Plastic pollution has a severe impact on the ecosystem, altering its natural equilibrium and causing serious health issues to both flora and fauna. Several actions have already been undertaken in ...order to reduce the plastic litter dispersion in the environment, both in terms of changing the human behavior, reducing the use of plastics and avoiding their dispersion, and of implementing methods for detecting and collecting the already dispersed ones. This paper focuses on the latter, and, in particular, on plastic litter detection on the fluvial environment. To this aim, an Unmanned Aerial Vehicle, provided with a multi-spectral and a thermal camera, have been used, in order to: (i) allow affordable periodic monitoring of relatively long river reaches, (ii) detect even quite small macro-plastics, based on their spectral signature.

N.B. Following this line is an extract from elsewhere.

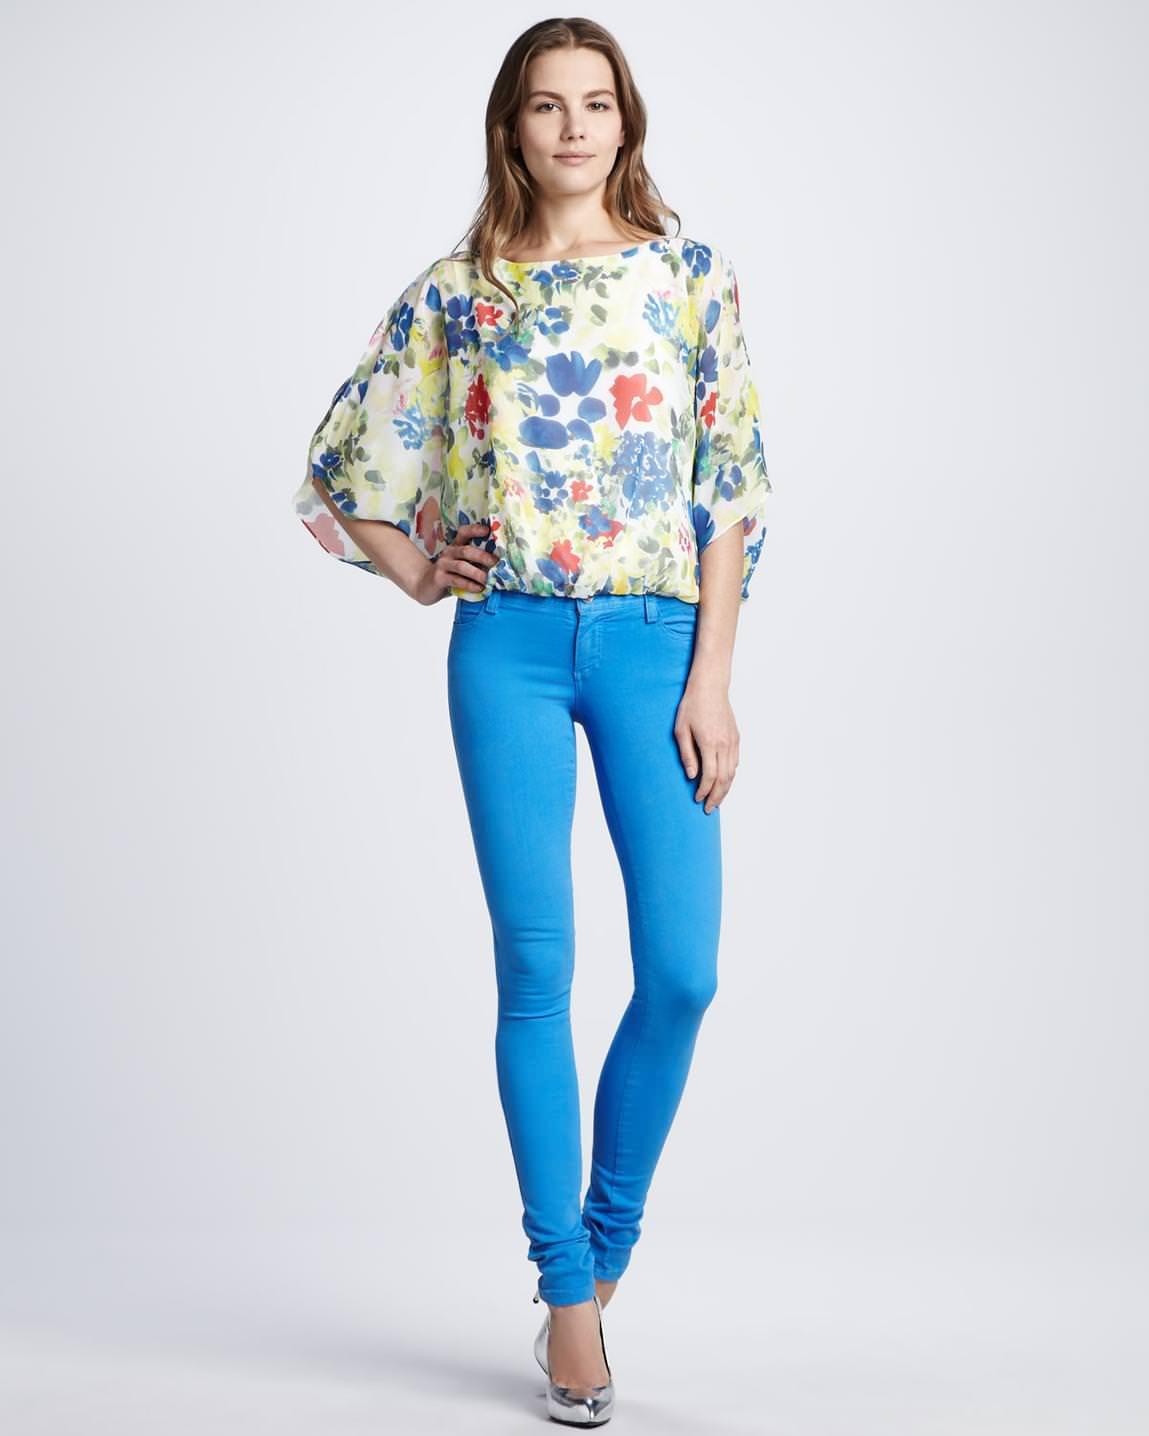 primary-petal-alice-olivia-velma-floral-print-top-five-pocket-skinny-jeans-screen
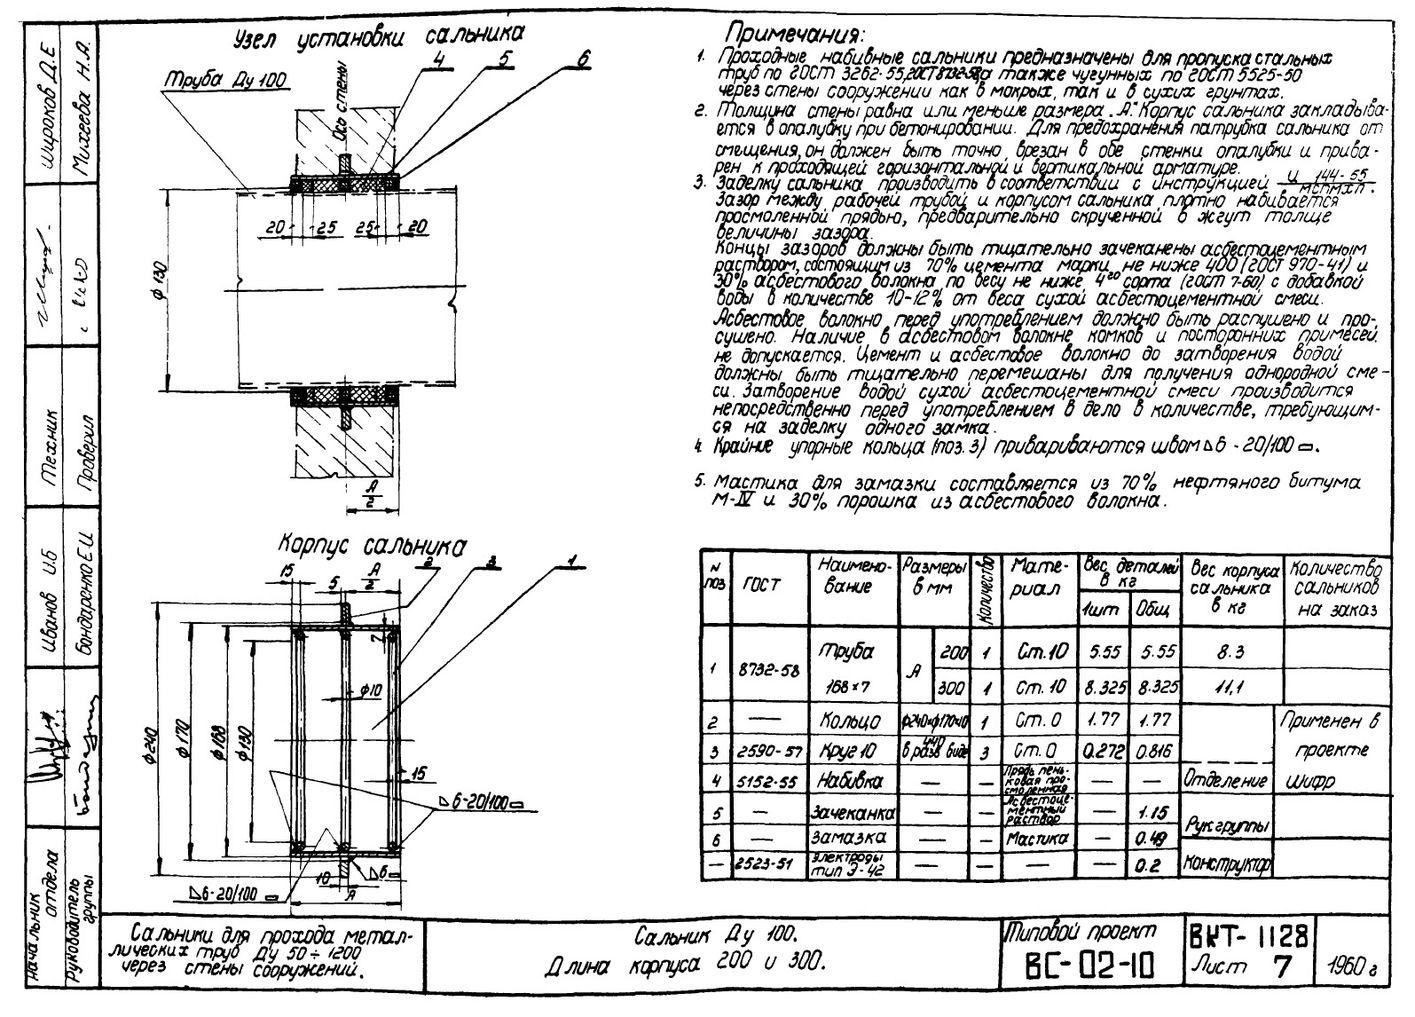 Сальники набивные L = 300 мм типовой проект ВС-02-10 стр.3

More specifically, since the cameras deployed in our data collection campaigns are not synchronized, this work aims at presenting the developed strategy for the co-registration of the acquired imagery, which results to be quite challenging given the few amount of visual features recognizable on the images acquired flying at a limited altitude over a river. The proposed methodology, which is based on the correlation maximization between multi-spectral and thermal images, provided reasonable results on the considered case study. The obtained values of normalized intersection over union of plastic areas are over 80%.